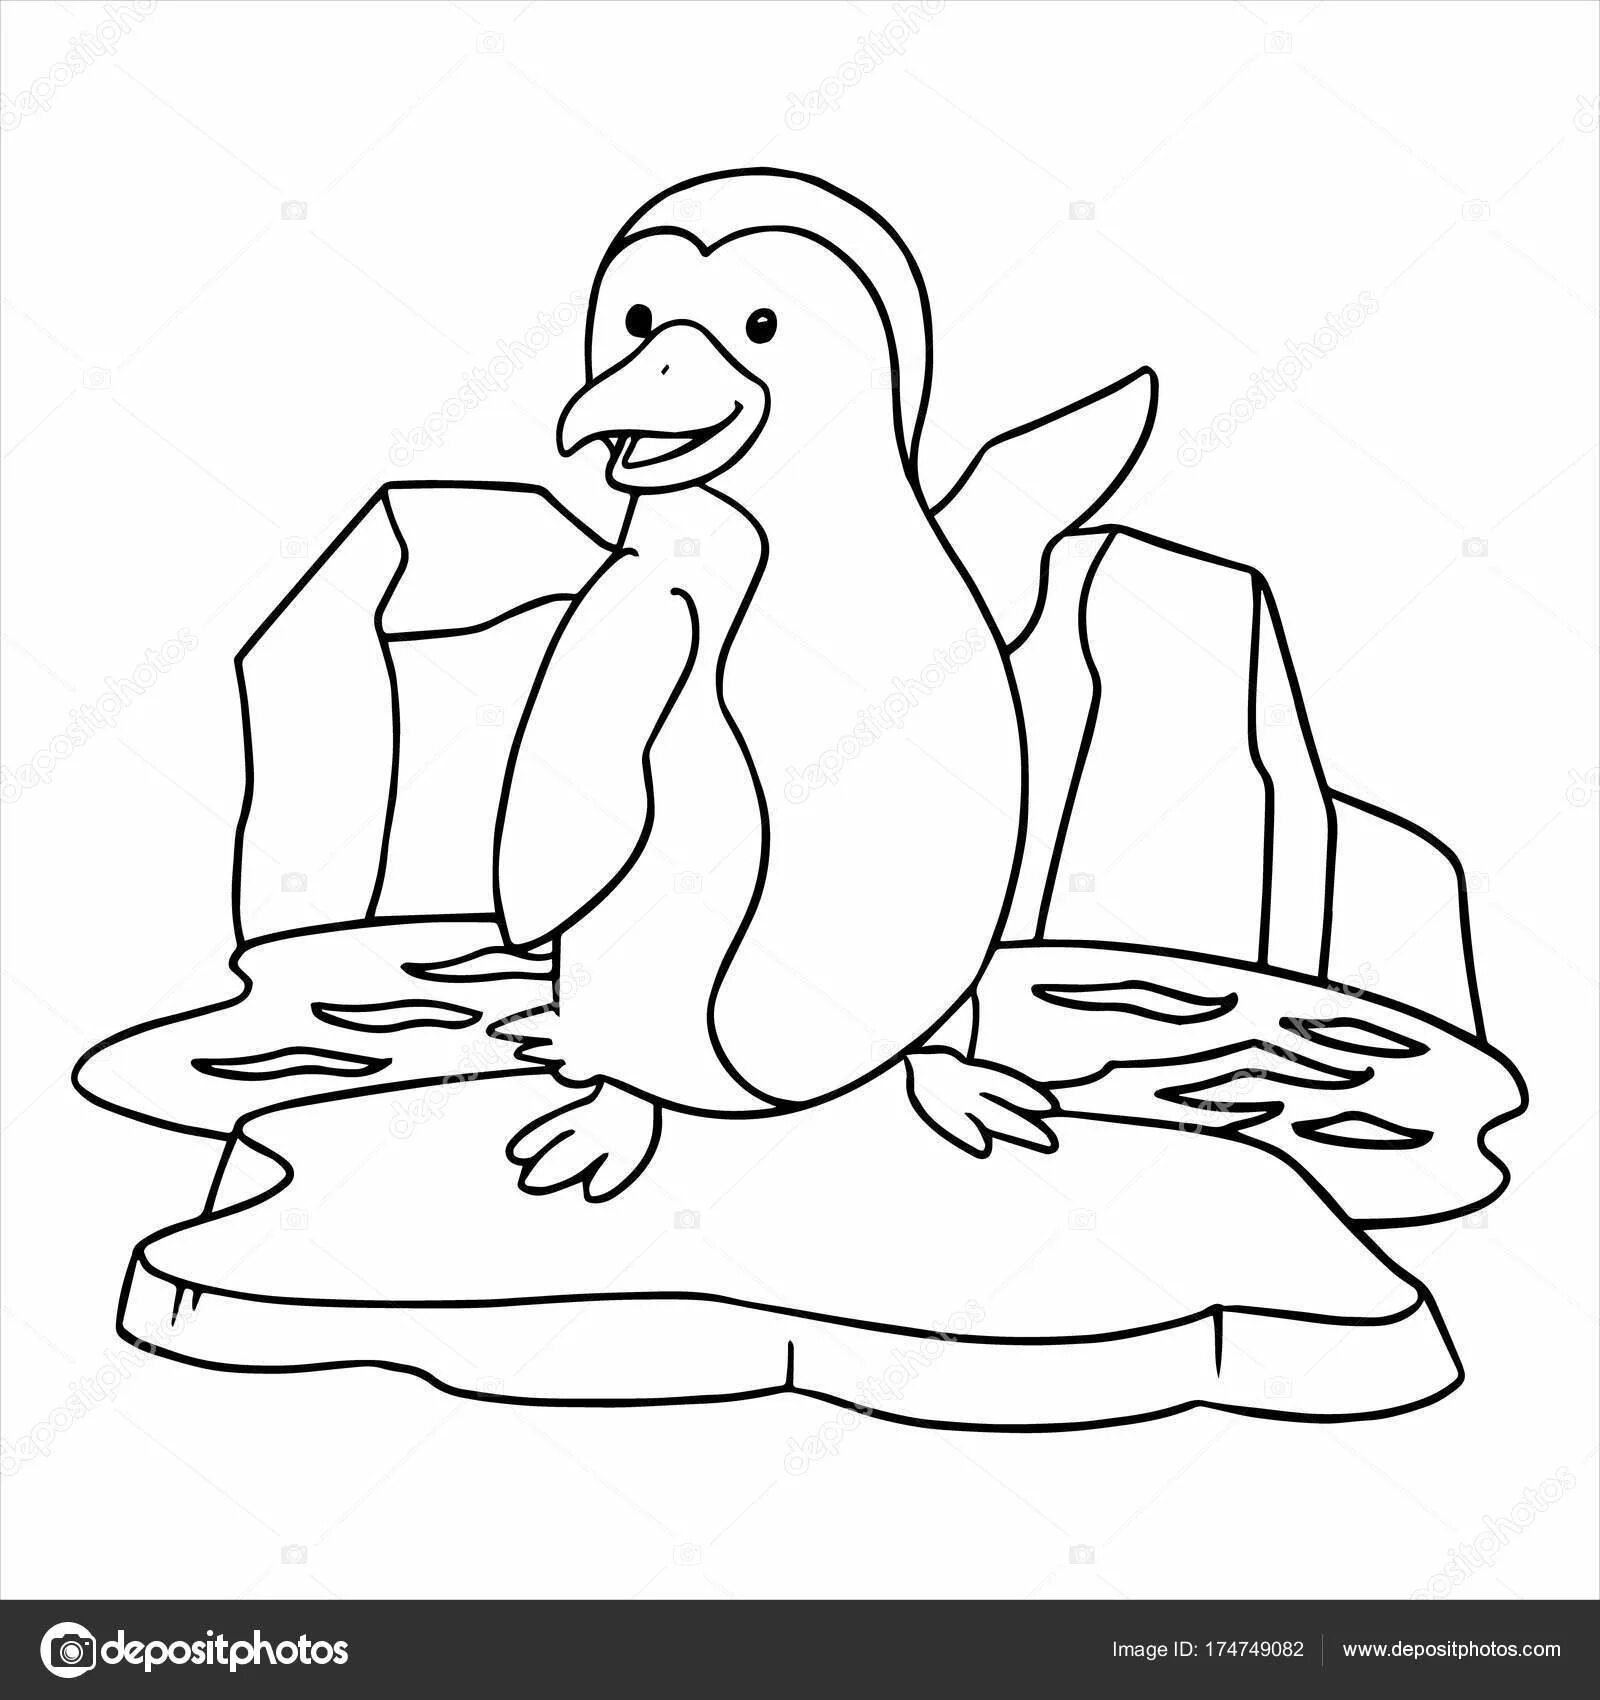 Coloring book exotic penguin on an ice floe for children
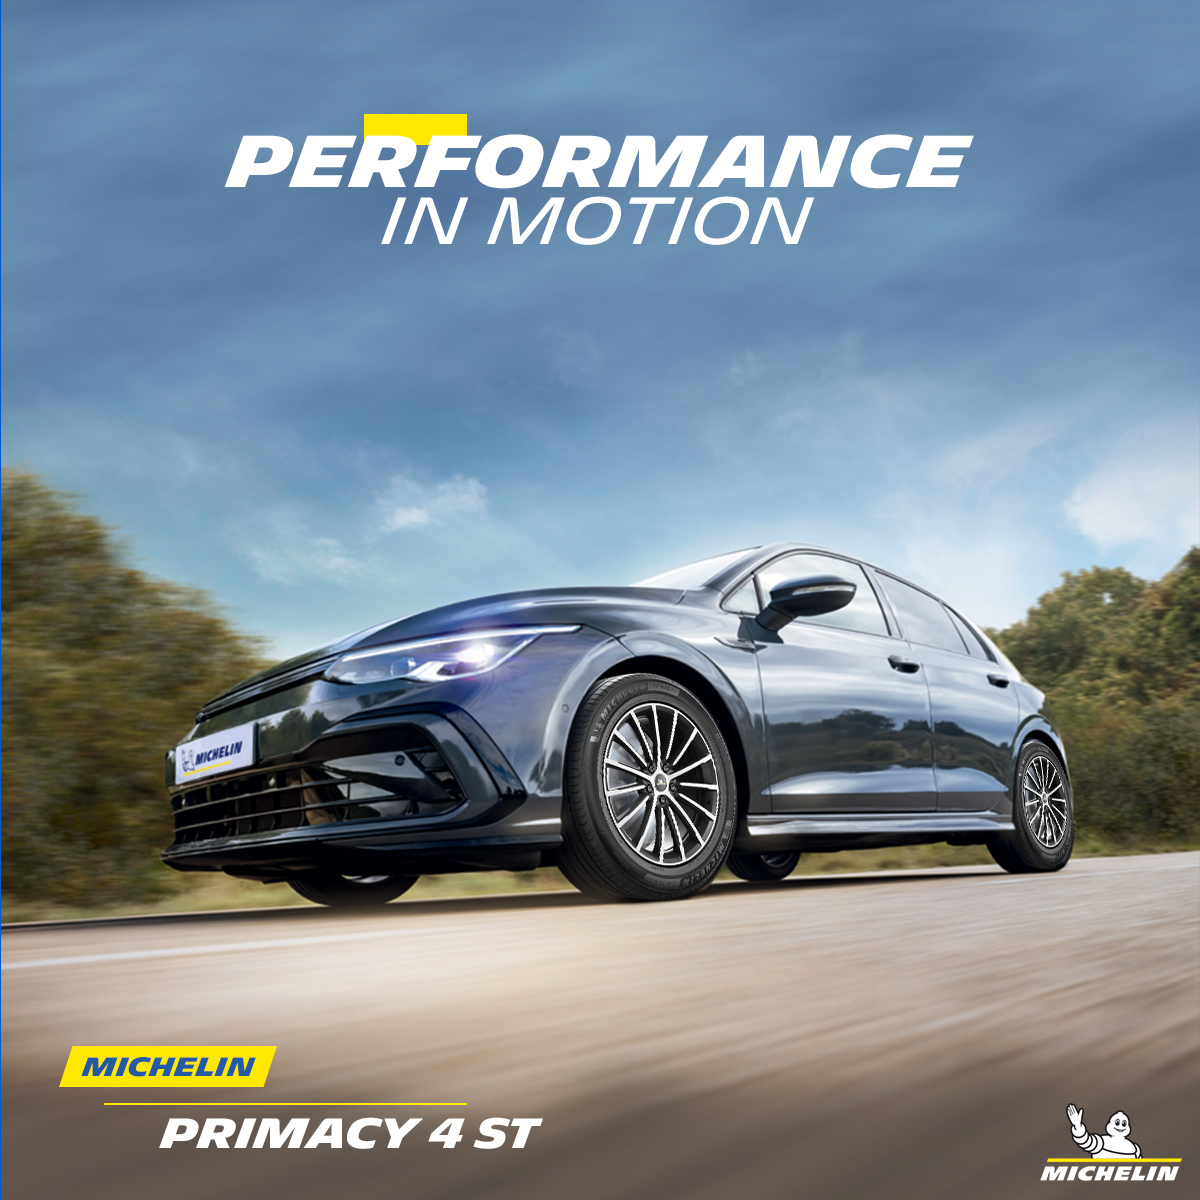 Silent. Smooth. Supreme. 
Enjoy the luxury of driving with Michelin Primacy 4ST. 

Read More: bit.ly/3WzLgfn 

#MichelinTyres 
#MichelinPrimacy4 
#MichelinPerformance
===============
YOUR OBJECTIVE :: Please write out, exactly as they appear, the lines from the one containing "#MichelinTyres" through the last line of the records above, and nothing more.

EXPECTED ANSWER ::
#MichelinTyres 
#MichelinPrimacy4 
#MichelinPerformance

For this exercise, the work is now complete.